Eszter Őze: Museum of Working Bodies-Social Museum (1901-1945): Body and Work, Care and Discipline

We are excited to announce the publication by the Napvilág Kiadó of the volume by Eszter Őze, staff member of the Research Department at KEMKI and project leader of "Organising the Spectacle: Research on the Avant-garde".

By the end of the nineteenth century, museums had long become more than mere showcases for the private collections of privileged collectors, having also turned into community educational spaces for the general public. Likewise, the social and public health museums, which emerged at the turn of the century, did not simply aim to be the latest spaces opening up the hidden treasures of palaces to the public, but rather sought to share a different kind of knowledge connected to the present. All of this lead to the appearance of the body, living conditions, and problems of the worker; museums included the lower classes in their unity of representations, classes that should have remained invisible in their previous representational practices: poverty, poor health, or the sick body of the urban worker would not fit into any previously existing museum categories. However, this was not merely a gesture of inclusion, it also coincided with the strengthening of the worker movement and the institutional steps taken to pacify it. Thus, the working class appeared not only as visitors but also as exhibited ‘objects’ in museum spaces, which simultaneously served the purposes of social control and addressing social issues.

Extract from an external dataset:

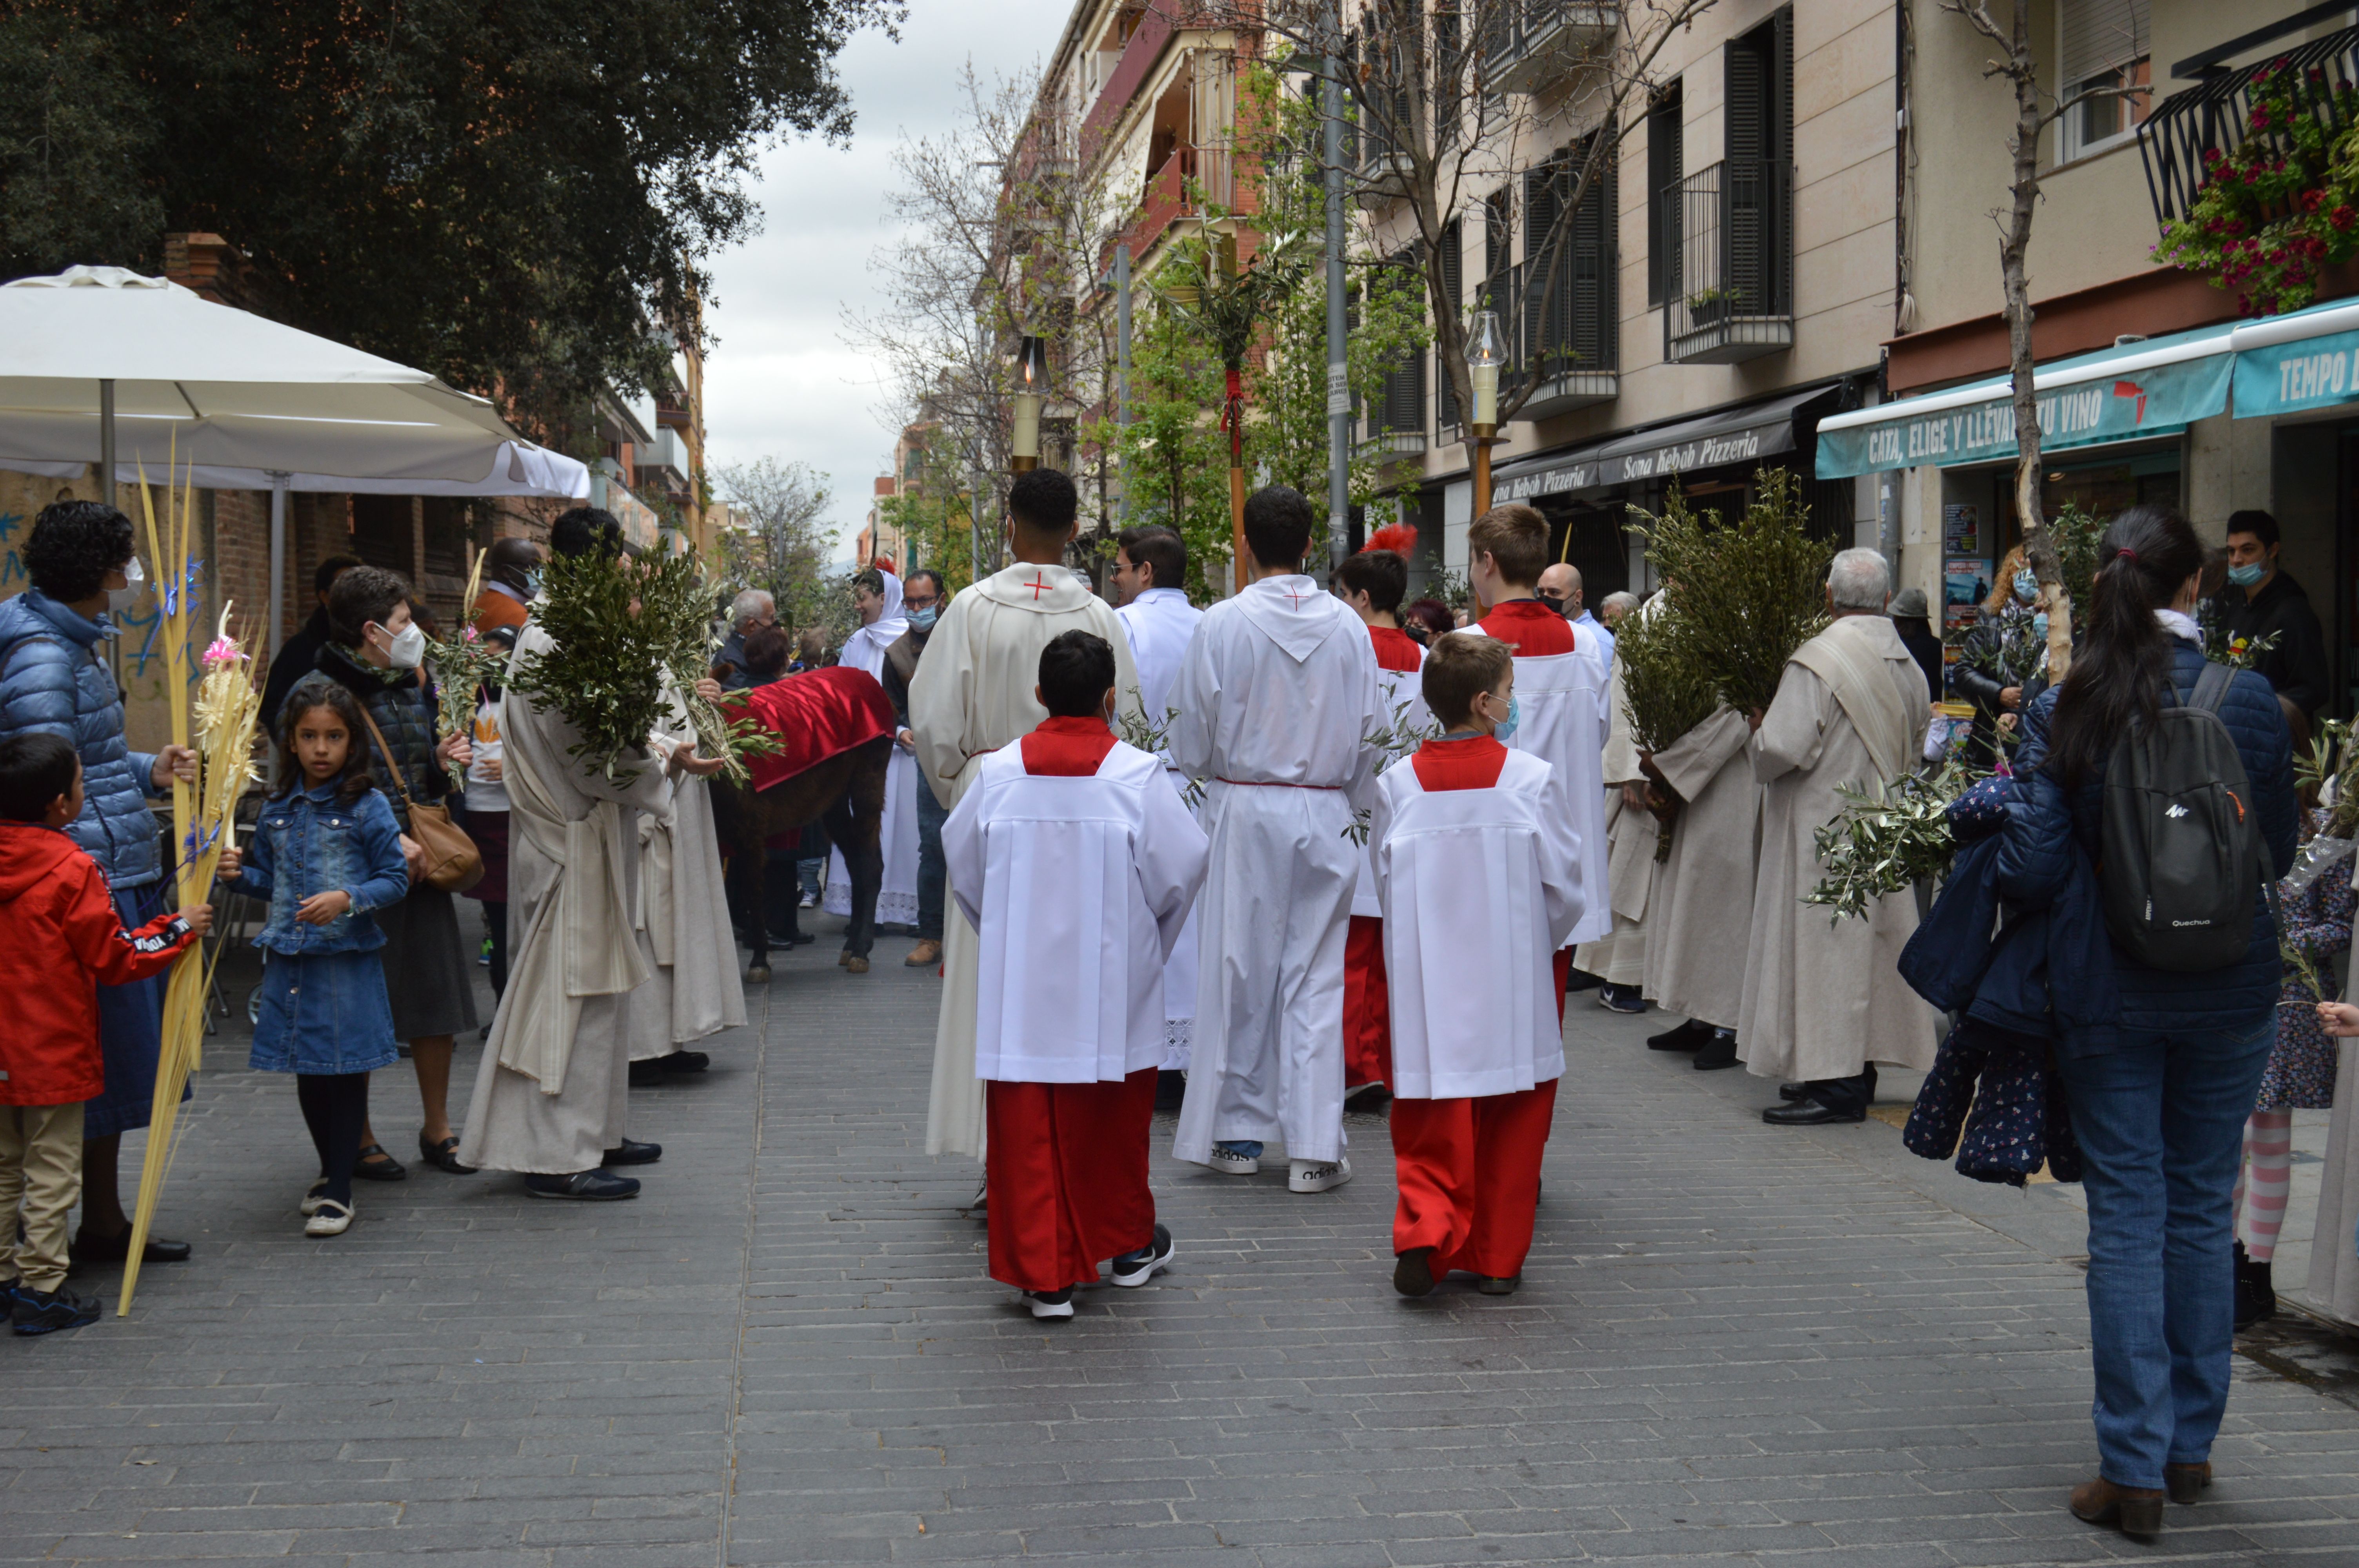 Processó i benedicció de rams en el diumenge de rams de Setmana Santa. FOTO: Nora Muñoz Otero

Eszter Őze examines the cultural history of health and education museums, focusing on the Social Museum in Budapest in particular. Through the representational policy of the exhibitions, the book unveils how body, illness, hygiene, and biopolitics are presented within the museum spaces at the turn of the century. It displays the history of an institution where the biological traits of the human race were translated into strategic instruments for exercising power, one which represented the care guidelines for the collective body of the population – guidelines that have by now almost been destroyed without a trace.